What the disassembly in the emulators, especially the more readable Dualis, showed me, was the reason my Stackless support did not work. The code generated by gcc was preserving the stack register (in register r7) which made the inline assembly ineffectual. And it made the Stackless tasklet switching unstable, the stack was being restored with the contents from the tasket being switched to, but the stack pointer itself could not be adjusted to match because gcc prevented this from happening. I could alter the inline assembly to set r7 directly, and this did work, but it was a hack and could not necessarily be relied on to work consistently. This left one option, write the whole switching function in assembler.

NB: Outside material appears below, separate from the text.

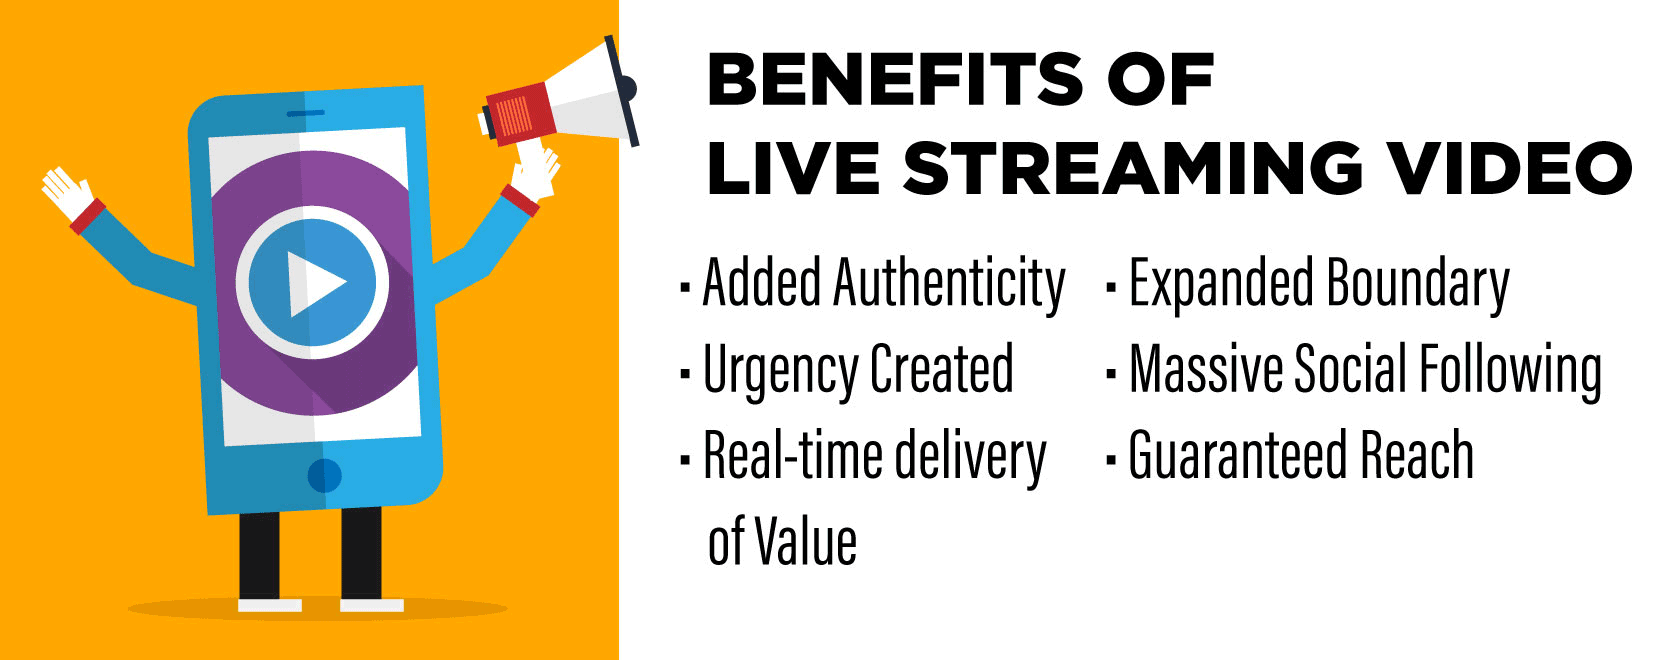 Benefits of Live Streaming Video

The support for masm/x64 was my base for this. I basically wrote equivalent code in ARM thumb assembly (I chose ARM thumb over normal ARM assembler because while it is slower, it generates smaller code and memory is at a premium on the DS). Once I had this written, it worked perfectly.

Lessons learned
  • Porting a shell-based application to the Nintendo DS, given a method of input, a method of output and a display for the output to go to, is relatively straightforward. Especially to the degree which Headspin's keyboard code and libnds do.
  • Adding support to Stackless Python for another platform is relatively straightforward. The hardest part of my experience with it, was caused because of the lack of debugging support for Nintendo DS homebrew roms.
  • Just because Python is on another platform, doesn't mean it is much use. It just shows that for it to be much use, the DS hardware needs to be exposed in some way, so that games and applications can be driven by it.
Next steps

As the last of the lessons learned suggests, for Python on the DS to be any use, the DS hardware needs to be exposed. And the best way to do this, is probably to port PyGame. Why PyGame? Because SDL has been ported to the DS for the most part (sound and threading still need work, sound because it relies on the threading support) and PyGame from what I hear is a wrapper around SDL.